Data collected from multiple touchpoints can, in turn, give businesses valuable insights into customer trends such as demographics and buying habits. This enables them to create offers that encourage customers to visit physical stores, improving the likelihood of impulse buying (Jacada).

But, perhaps most importantly, a study by Aberdeen (conducted back in 2013) found that companies with effective omnichannel customer engagement strategies retained 89% of customers on average. For companies with ‘weak’ omnichannel strategies, the average was just 33% of customers. In a market where customers are becoming increasingly fickle, retention is key for retailers to succeed.

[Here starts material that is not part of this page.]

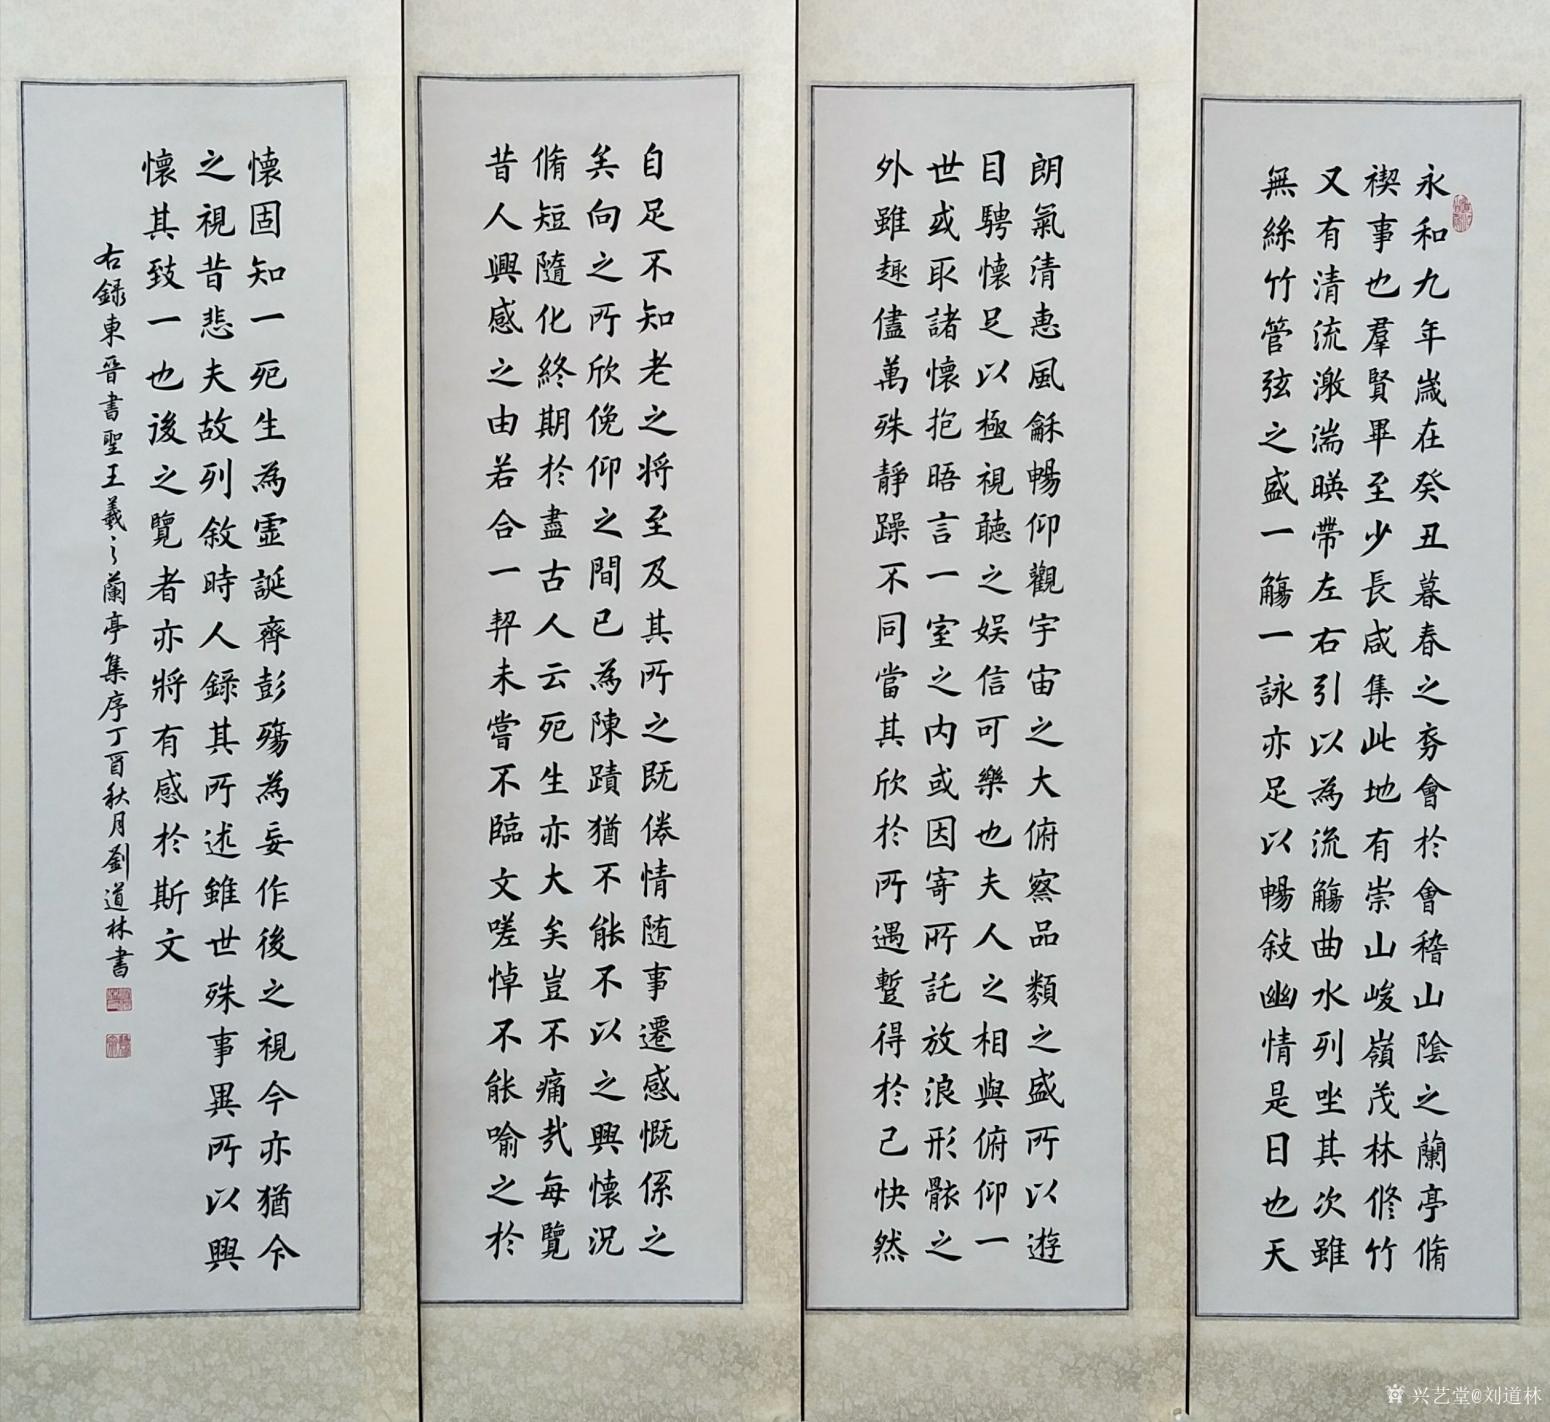 刘道林书法作品《兰亭集序四条屛》

How a global premium designer brand is transitioning in increments

From working with a broad range of fashion retailers operating multiple models, Coeo’s experience shows us that the more sales channels a fashion retailer has, the longer this process can take. The same applies for high profile bricks-and-mortar brands who are taking their first steps into ecommerce.

For the technology team at a global premium brand that is creating a new store concept, the road to omnichannel retailing represents a significant challenge. Rather than attempting to tackle it as one major project, they’re electing to take a series of considered steps to get there.

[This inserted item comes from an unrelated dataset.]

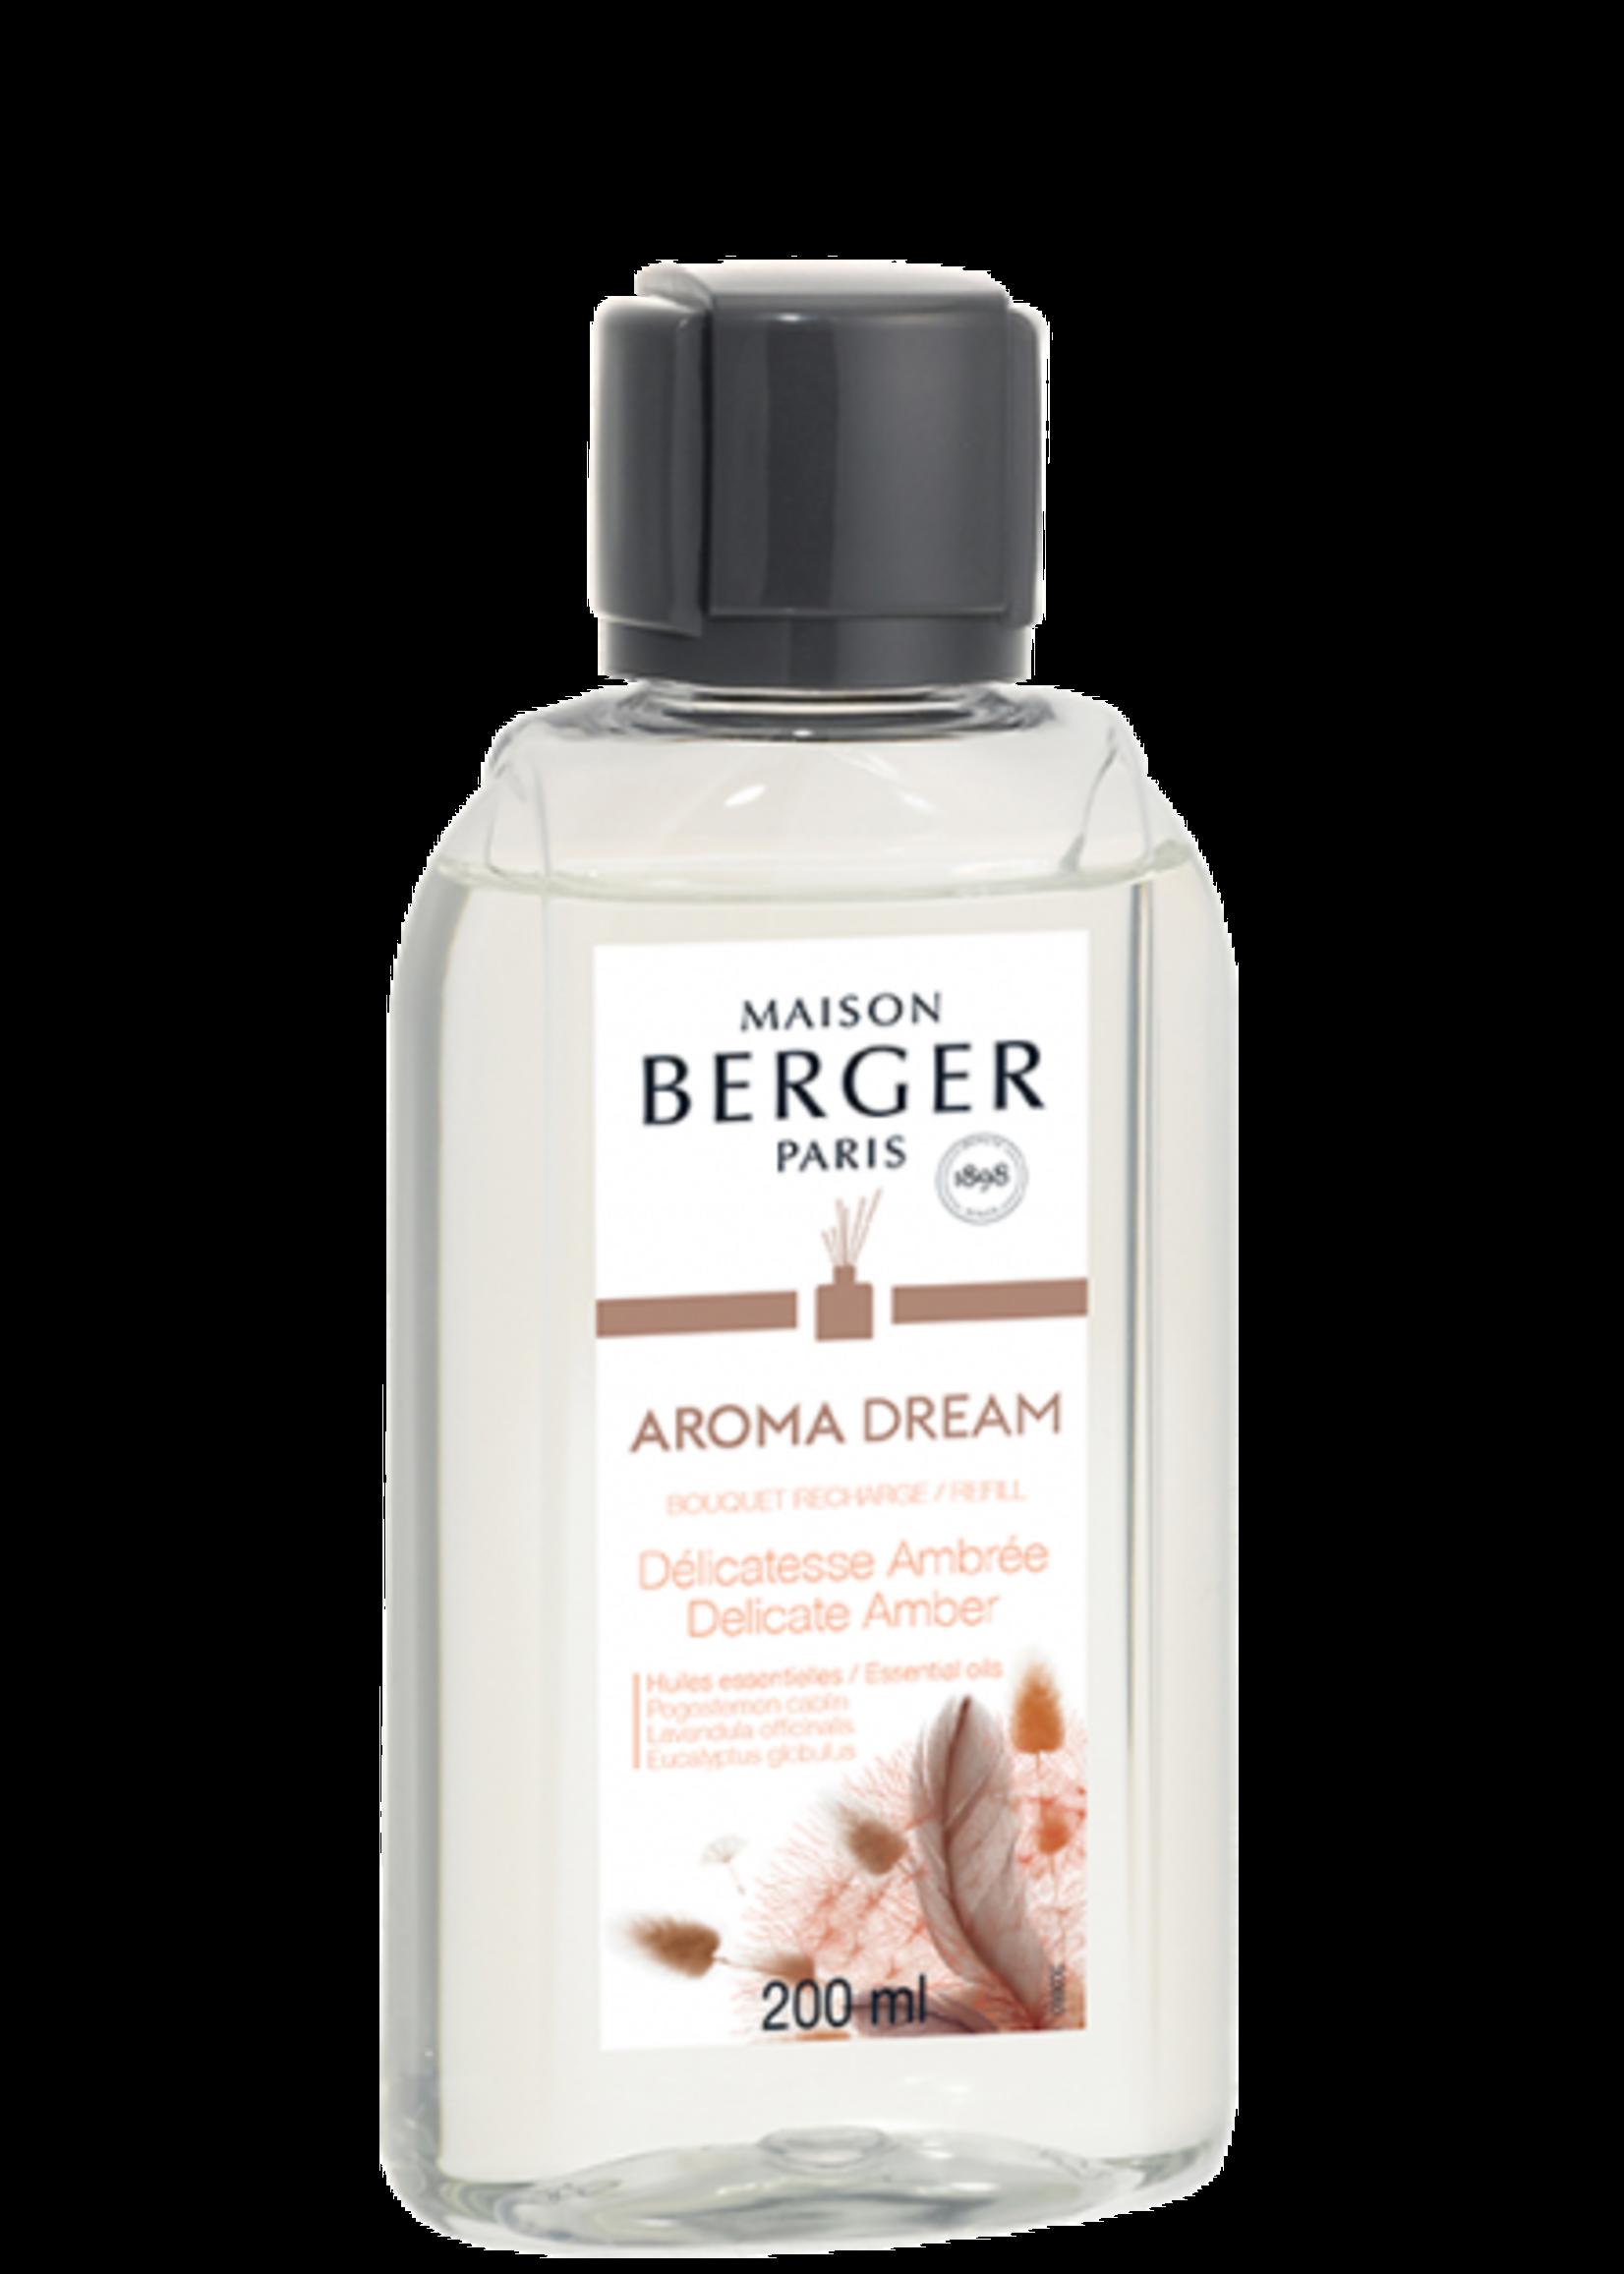 Parfum de Berger Navulling Parfum Berger Aroma Dream

This approach is backed up by research carried out by SIX Payment Services, who have noted an increased appetite amongst their fashion retail customers for services based on customer demand.

Suits in a shop

How to plan your move to omnichannel

First, you should turn to your data! Customer information you have collected over the years provides key information for creating personalised messages and improving engagement, such as:

  • Key demographics (i.e. age, gender, location)
  • Purchasing habits
  • Pain points

It’s very important to identify the channels your customers use so that you know where you need to go in order to reach them. For example, if your customers tend to use Instagram or Snapchat rather than Facebook, this is where you need to focus your efforts.

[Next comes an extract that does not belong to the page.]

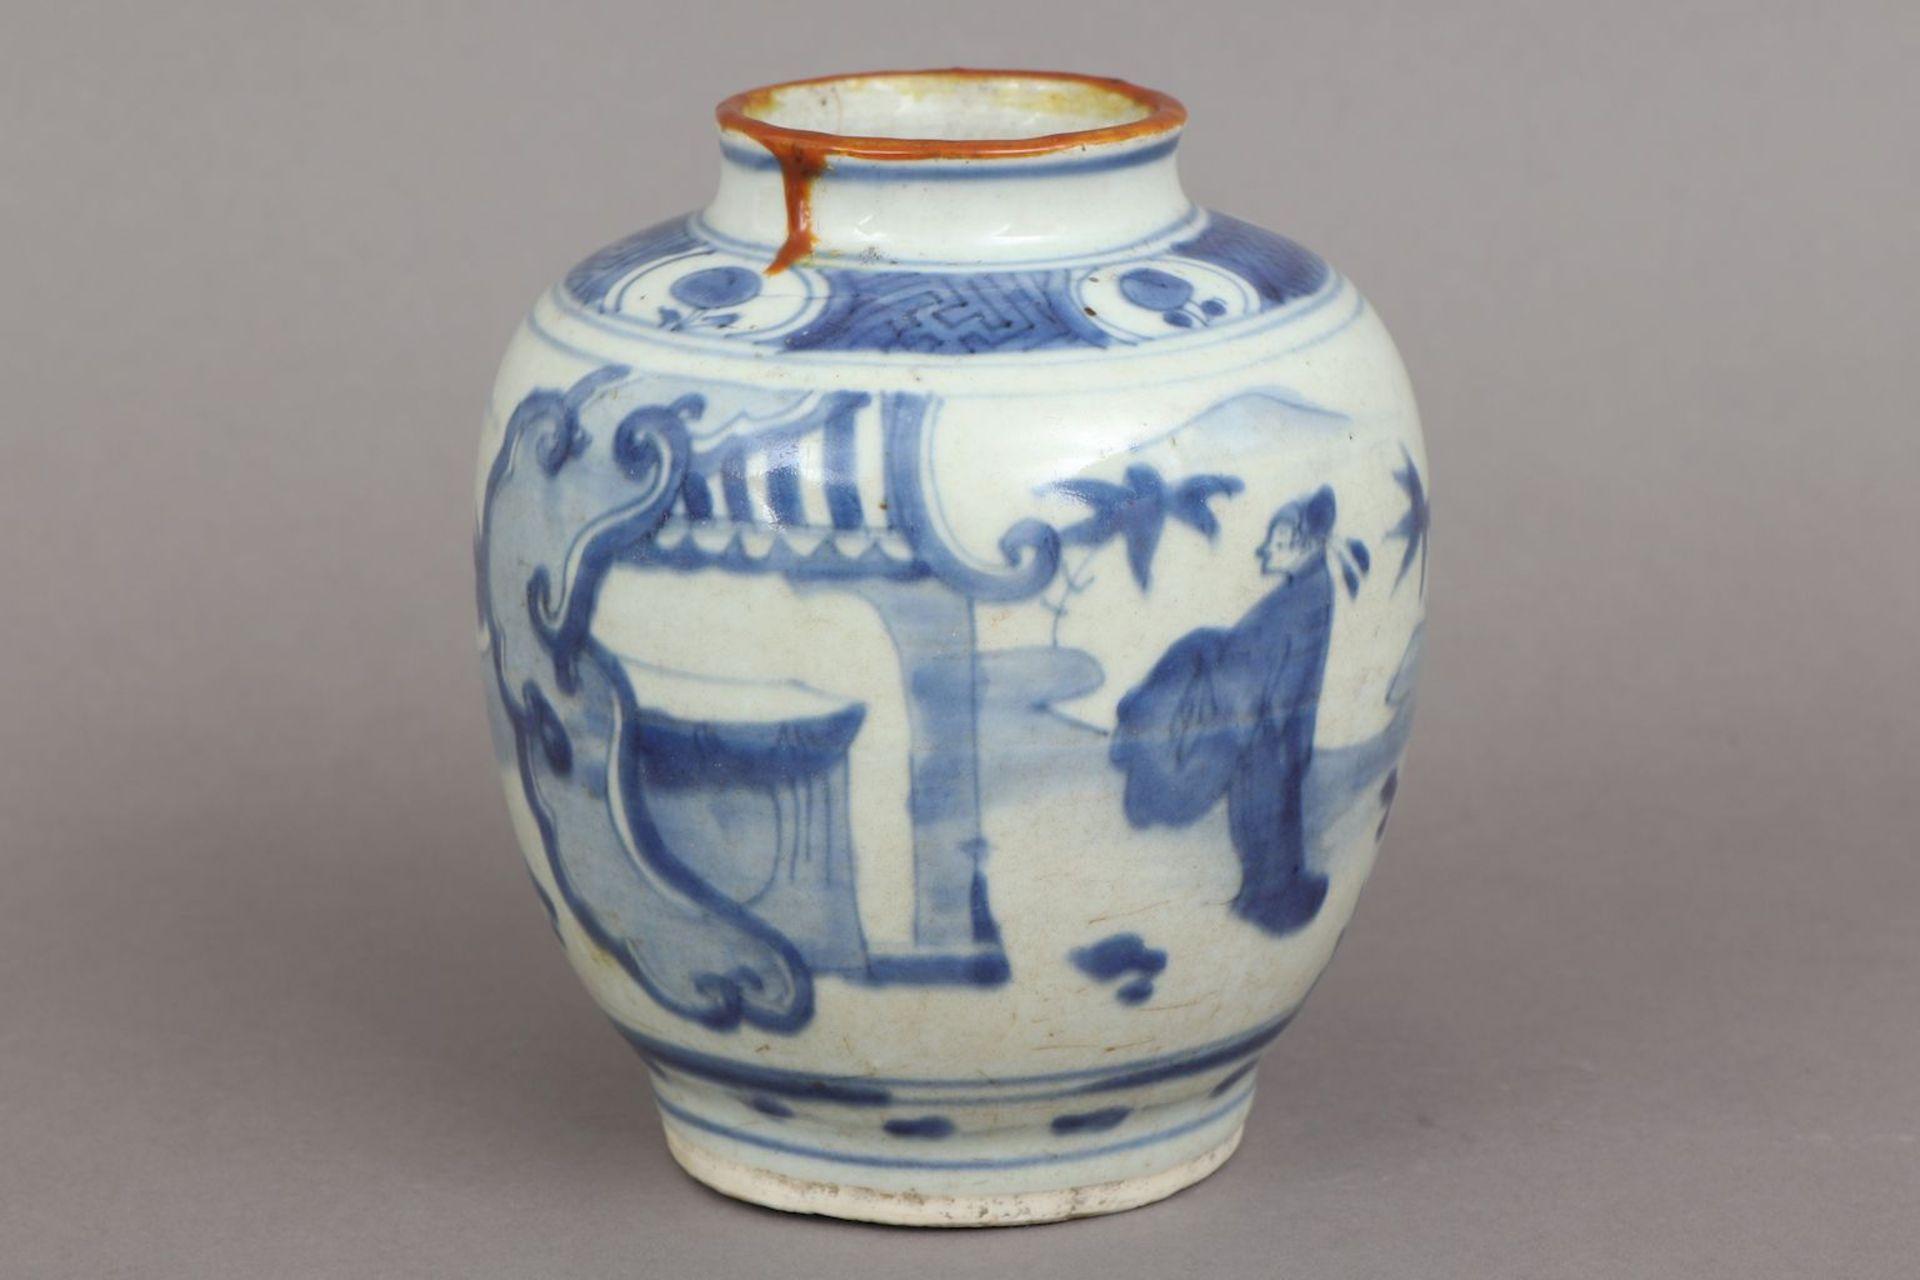 Chinesisches Vorratsgefäß/Ingwertopf der Ming Dynastie (1368-1644)

You should also look at your sales funnel and identify which pieces of information or content your customers will require at each stage, as well as touchpoints they have with your brand.

As ecommerce platform company Shopify says, ‘One major key to designing an omni-channel retail strategy is making every touchpoint shoppable. Just like Disney does with their mobile app, website, and theme parks… Every time you have an experience with Disney, they have the opportunity to make sales.’

Social networks on a phone

Have a clear strategy in mind

Once you have your data and a clear idea of your sales funnel and touch points, it’s time to start forming a strategy. When moving to an omnichannel service, it’s essential to have clear goals and a clear plan.

If you aspire to become omnichannel, you need to be careful not to lose sight of operating efficiently to best cater to customer needs. For retailers that operate bricks and mortar stores as well as ecommerce sites, they need to ensure that the buyer journey is integrated into both the front of house and back office.

For example, a customer should not have to scan their receipt multiple times in order to receive different services, such as gaining loyalty points or returning items: this should all be done automatically. Equally, key information like stock availability should also be updated automatically at the same time.

Just as the global premium brand did, retailers looking to move to omnichannel may find it more viable to do so in stages. Becoming an effective multi-channel retailer is a good start – this will give you time to find the best, most integrated technologies to use to smooth the purchasing or returns process, as well as allowing time to learn from any mistakes.

The future of retail is omnichannel

In a market becoming increasingly focussed on personalisation, creating a seamless digital and real-world experience provides retailers with improvements in both sales and customer loyalty. The key to this is an effective use of data combined with a robust strategy and efficient technology. Making the transition can be a slow process, but can ultimately enable businesses in an increasingly pressurised sector to target services to meet demand.